Todos los sectores y subsectores económicos reclaman ser salvados por el Estado. El Estado, por supuesto, es una manera elegante y respetable de llamar al Gobierno. También los medios de comunicación. Con una economía casi paralizada no cabe esperar la recuperación de la inversión publicitaria a medio plazo. Tal vez nunca. Hace unos días, según mi fea costumbre, visité a varios kiosqueros. Me señalaron los periódicos amontonados frente a sus narices y sentenciaron:

-La gente hasta tiene miedo de tocar los periódicos. Creen que el virus está ahí, entre los titulares.

-Como siempre.

-¿Cómo siempre qué?

-Nada, nada.

Se me antoja muy poco probable que ese temor desaparezca para siempre. No lo hará. En cambio es muy posible que la honda y estructural crisis económica a la que nos ha arrastrado la crisis sanitaria acelere la desaparición del papel como soporte informativo (y publicitario). Vamos a emigrar exactamente como en la última gran glaciación, la conocida como Edad de Hielo, los hombres y mujeres debieron emigrar hacia el sur. Otros lo hicieron hacia el este, por ejemplo, atravesando el estrecho de Bering, totalmente congelado durante varios miles de años y llegando a América. El destino es hace tiempo internet, pero no para practicar los viejos hábitos en una tierra nueva. No hay nada que comer durante el camino y en cambio puedes ser devorado en cualquier momento por tigres dientes de sable, es decir, por las grandes plataformas tecnológicas y por la potencia informativa, desinformadora y publicitaria de las redes sociales. Sin periodismo puede practicarse la política -en este país la hubo durante cuarenta años- como puede desarrollase una economía, pero difícilmente puede sobrevivir una democracia.

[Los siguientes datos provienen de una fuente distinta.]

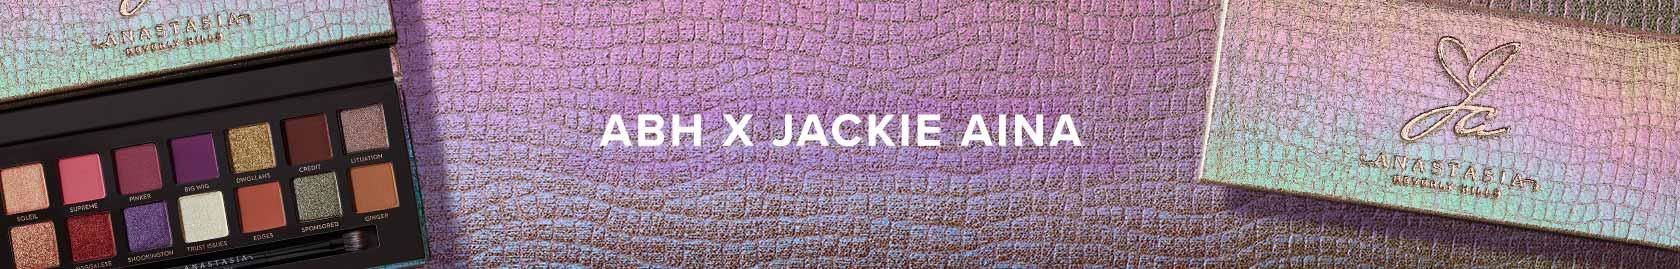 ABH x Jackie Aina Palette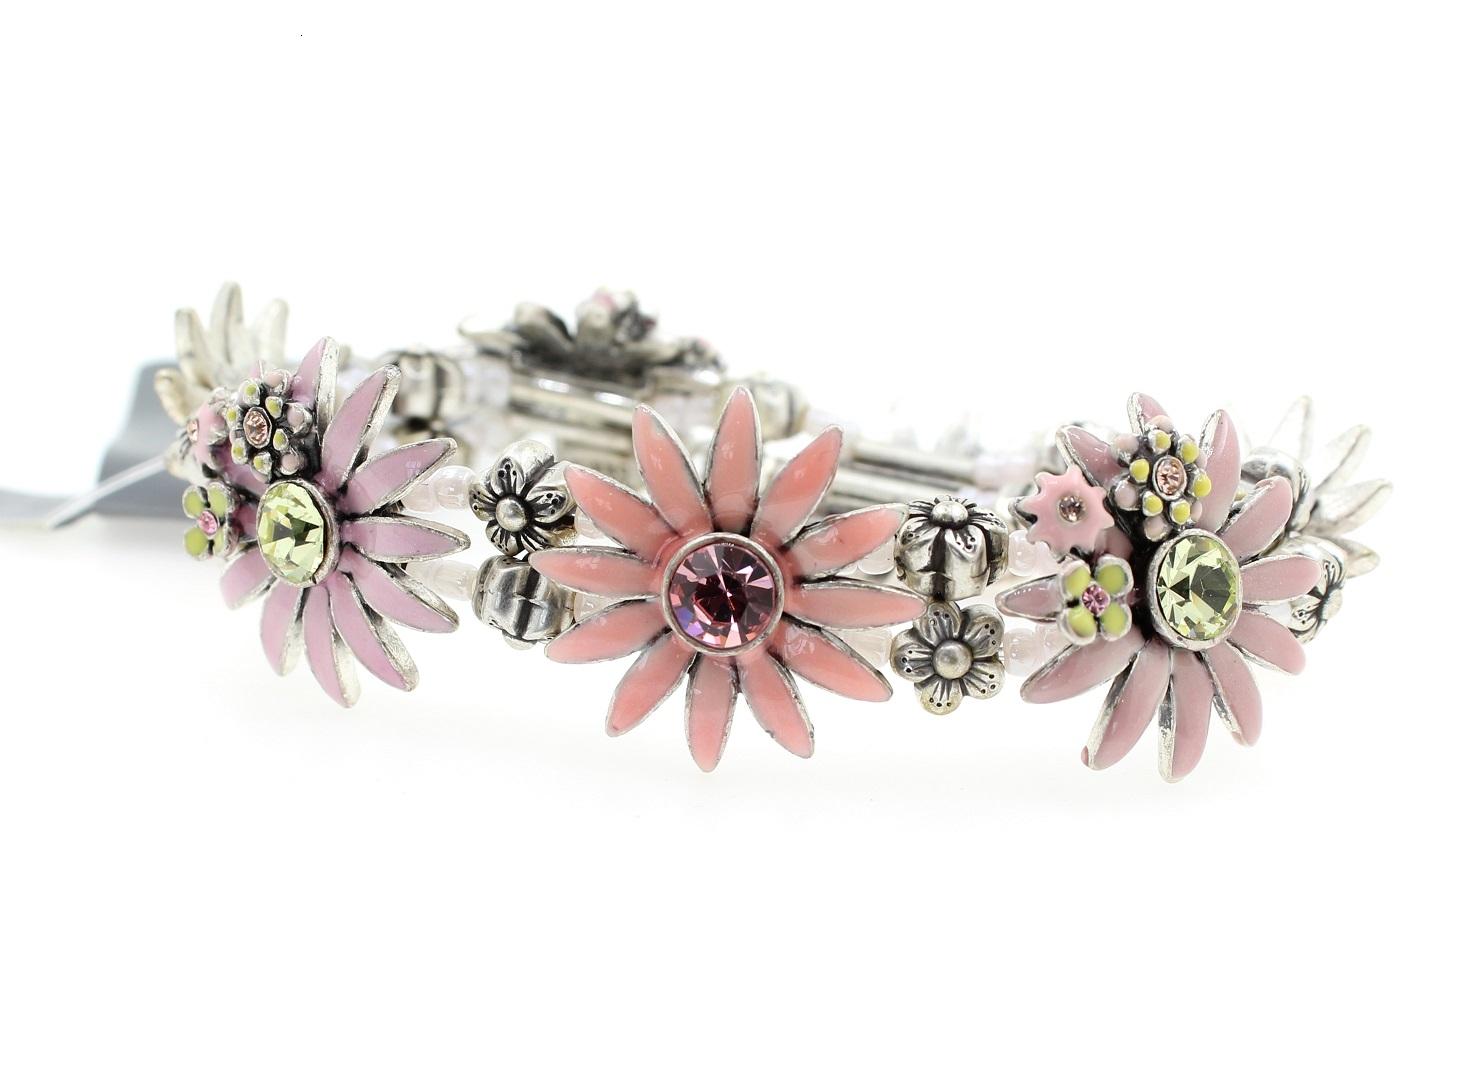 PILGRIM - Daisy - Stretch Bracelet - Oxidised Silver Plate/Pink, Yellow & Purple BNWT

El periodismo contemporáneo se basó siempre en un contrato entre periodistas, empresarios y lectores. Dudo mucho que la publicidad regrese tampoco como soporte que mantenga un modelo de negocio periclitado y que hace años daba muestras de agotamiento. El pacto se debe refundar entre las empresas periodísticas y los lectores. La gente que protesta por los muros de pago establecidos por los medios de comunicación en la esfera digital no comprenden -como muchos periodistas- ni las dimensiones ni la velocidad de los cambios. No podremos instalarnos nunca más en una tranquilidad que nos permita ponernos las pantuflas y disfrutar de tardes libres y fines de semana suministrados por una mediocre nevera de reportajes almacenados. La lucha por la inmediatez será terrible, pero si se siguen leyendo periódicos -o como se quieran llamar- será por la resurrección del reporterismo, por ofrecer análisis y diagnósticos interesantes y seductores, por convertir tu oferta informativa en un eje de relaciones incesantemente renovadas con otras publicaciones y otras ventanas.

No hay nada seguro, sin embargo. El periodismo puede perder perfectamente, como las democracias parlamentarias y los sistemas de bienestar social pueden entrar en una obsolescencia económica, cultural o ideológica. Pero no queda otra que intentarlo, y si dentro de diez mil años encuentran en la red un cadáver helado que lleve una noticia o una columna bien escrita y guardada en el bolsillo.